Sticks are coming, including policies that impose more stringent climate disclosure and reporting requirements on companies, carbon pricing and new rules around fiduciary responsibility, as well as sector-specific policies and targets. Biden, for example, is directing agencies overseeing banking, agriculture and housing to consider climate-related risks. New Zealand and the UK are also planning mandatory climate risk reporting.

Banks such as JPMorgan and Citi have pledged to green their portfolios, in part by working with clients to reduce their emissions. While many have ended funding for coal projects or drilling in the Arctic, they have stopped well short of cutting off oil and gas companies, arguing that they are critical to the energy transition. Since the Paris Agreement, the 60 largest commercial and investment banks have shoveled $3.8 trillion into fossil fuels projects, according to Banking on Climate Chaos.

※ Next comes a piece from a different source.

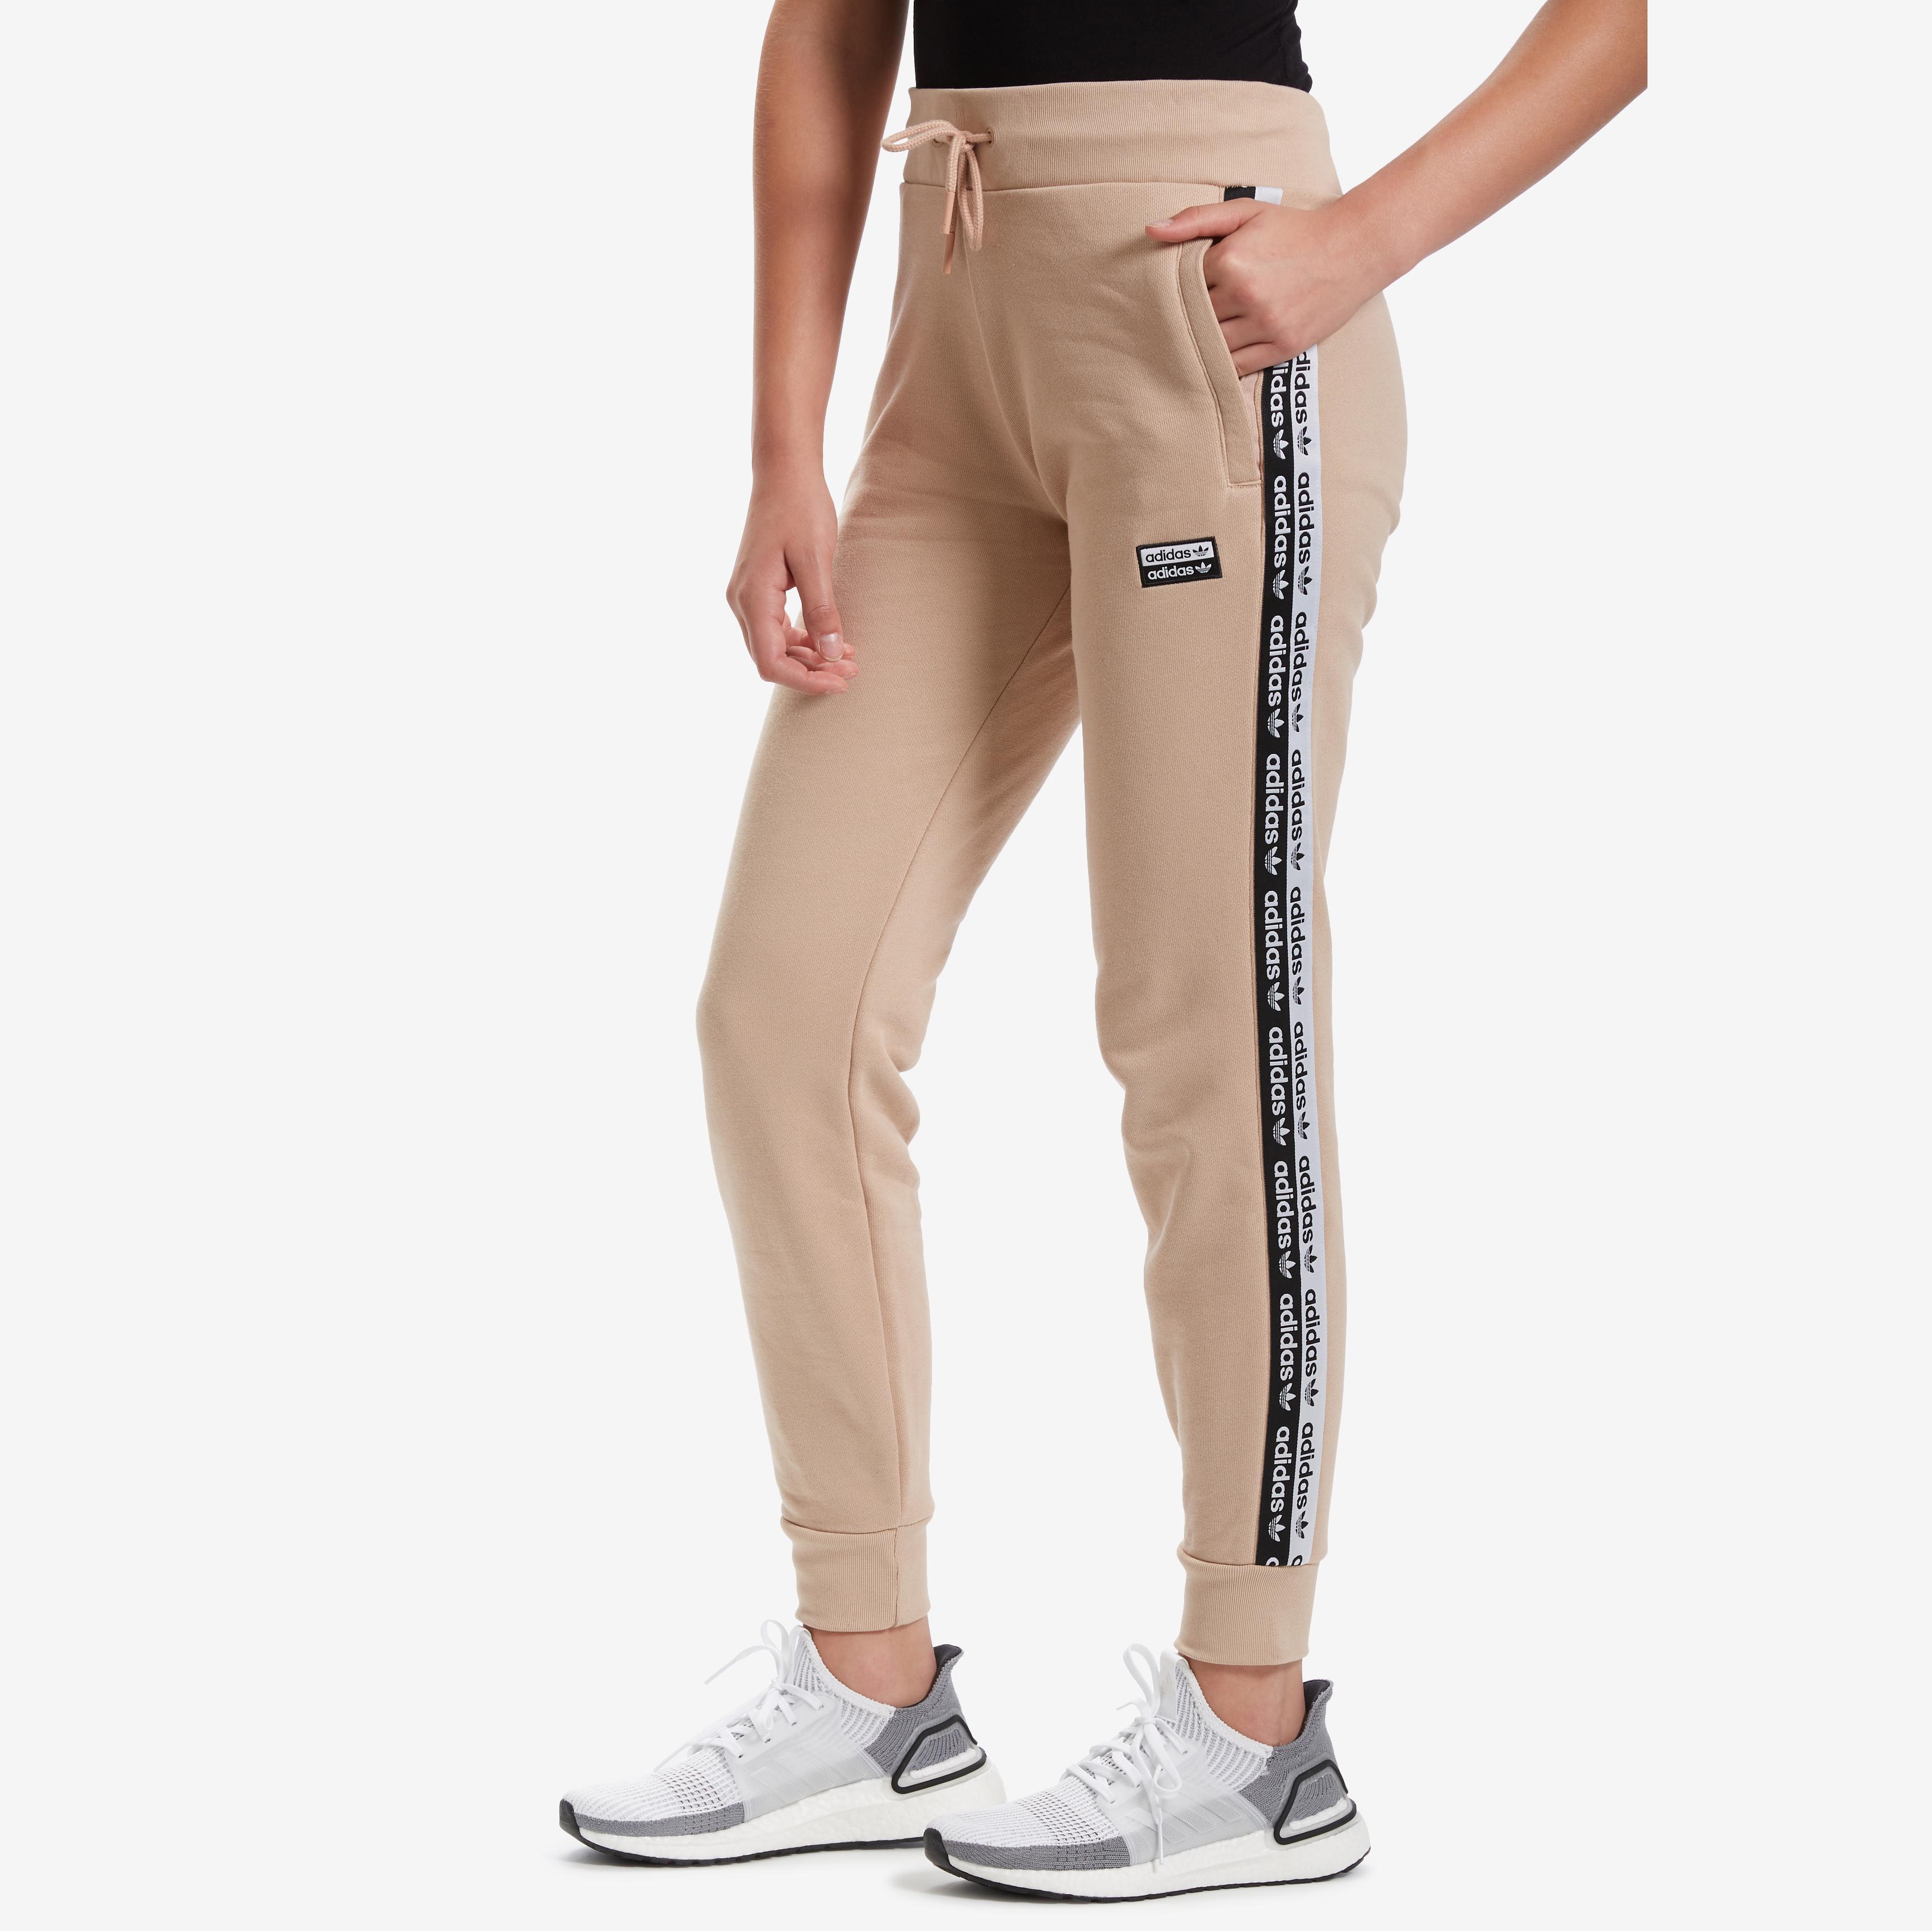 Women's Cuff Pants

The newly launched Glasgow Financial Alliance for Net Zero, chaired by UN special envoy on climate action and finance Mark Carney, will work “to mobilise the trillions of dollars necessary to build a global zero emissions economy and deliver the goals of the Paris Agreement.” The group includes 160 financial firms responsible for more than $70 trillion in managed assets, will act as an umbrella group for other financial initiatives, including a Net-Zero Banking Alliance. 

In another signal of The Great Acceleration, even that level of ambition is likely insufficient.

“The slow timelines, limited scope, acceptance of intensity targets, and vagueness on fossil fuels and deforestation come in well below established global best practice,” said Jason Opeña Disterhoft of Rainforest Action Network.  “Financial institutions have to stop fueling fossil expansion and deforestation, and phase out all support for fossils, starting immediately.”